Déjà, le 23 novembre, le commissaire à l'Élargissement, Stefan Füle, a expliqué que « l'UE sera prête à reprendre les préparatifs pour la signature de l'accord d'association dès que l'Ukraine sera prête à reprendre son chemin vers l'association politique et l'intégration économique avec l'UE ». Selon lui, « la porte de la signature de l'accord d'association reste ouverte pour l'avenir, une fois les conditions réunies ». « L'engagement de l'UE à mettre les relations entre l'UE et Ukraine à un nouveau niveau (…) reste ferme », a ajouté M. Füle dans une tribune dans l'hebdomadaire ukrainien Zerkalo nedelyi.

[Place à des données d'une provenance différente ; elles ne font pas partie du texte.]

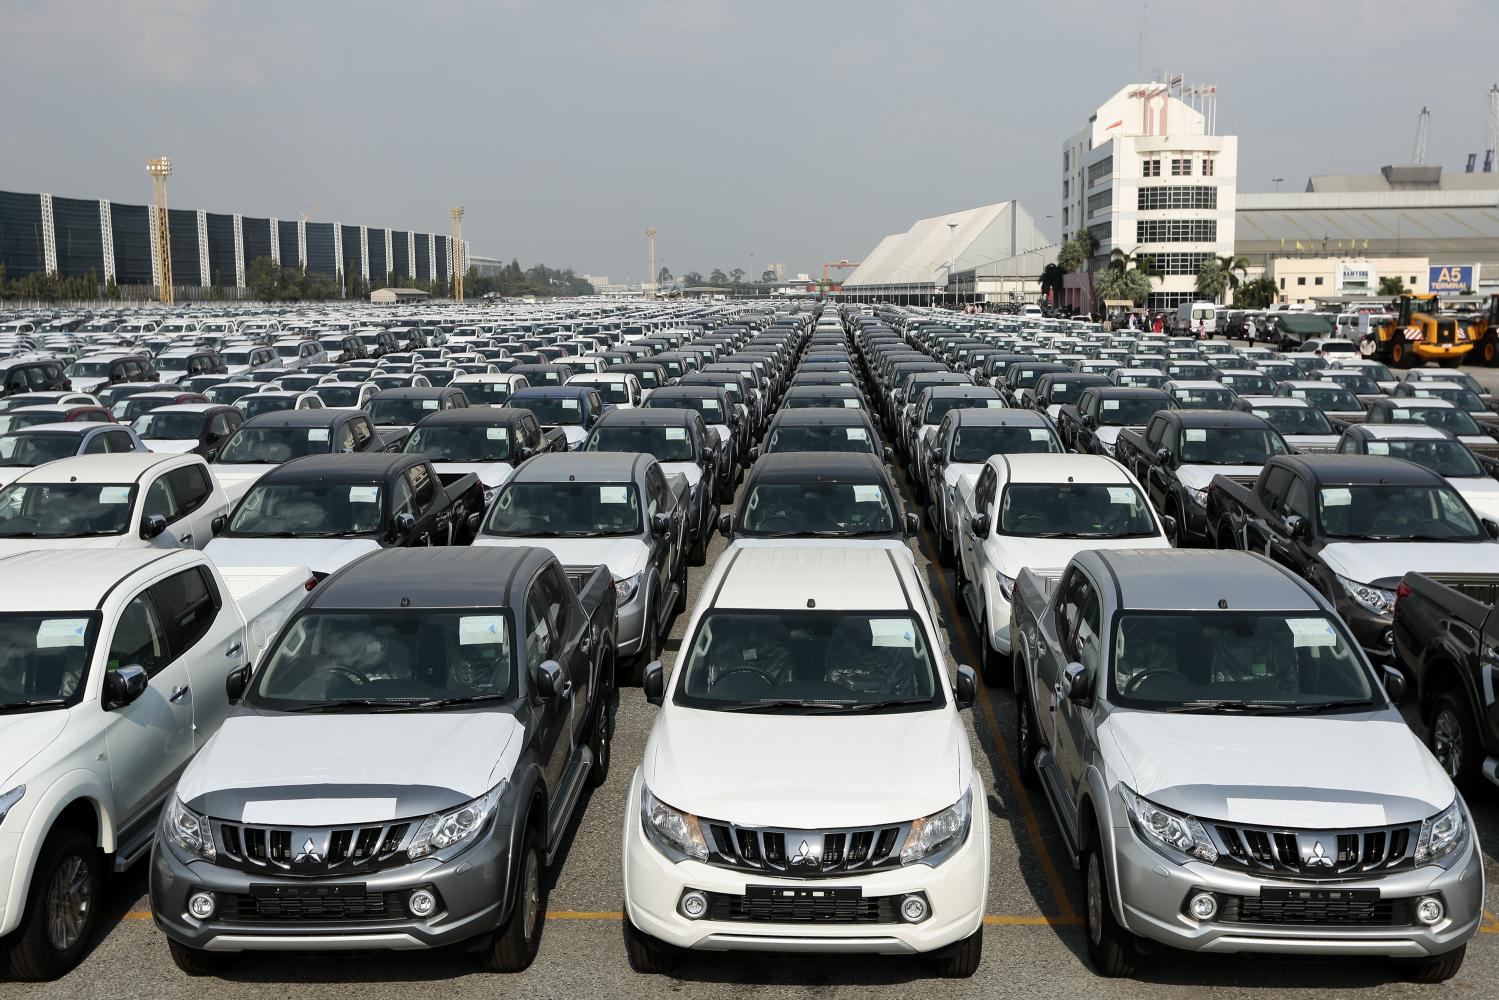 Cars await shipment at Laem Chabang port in Chon Buri province. Patipat Janthong

« Conscients » de la pression subie par le pays, MM. Barroso et Van Rompuy estiment que « les considérations à court terme ne devraient pas outrepasser les avantages à long terme que ce partenariat apportera ». « L'Union européenne ne forcera pas l'Ukraine, ou tout autre partenaire, à choisir entre l'UE ou tout autre entité régionale. C'est à l'Ukraine de décider librement le type d'engagement qu'elle cherche avec l'UE », ont-ils ajouté. Les deux présidents ont ainsi désapprouvé « fortement » la position de la Russie et ses mesures, rappelant une nouvelle fois que des relations plus étroites avec l'UE ne se lient pas au détriment des relations entretenues avec d'autres partenaires. L'accord d'association et de libre échange sont « des opportunités pour accompagner nos voisins communs vers des démocraties modernes, plus prospères et fondées sur l'état de droit », ont-ils ajouté.
Pour MM. Van Rompuy et Barroso, le sommet du Partenariat oriental, qui se tiendra à Vilnius les jeudi 28 et vendredi 29 novembre, sera un « un moment important pour faire le bilan de la situation et faire avancer les relations avec nos partenaires de l'Est ».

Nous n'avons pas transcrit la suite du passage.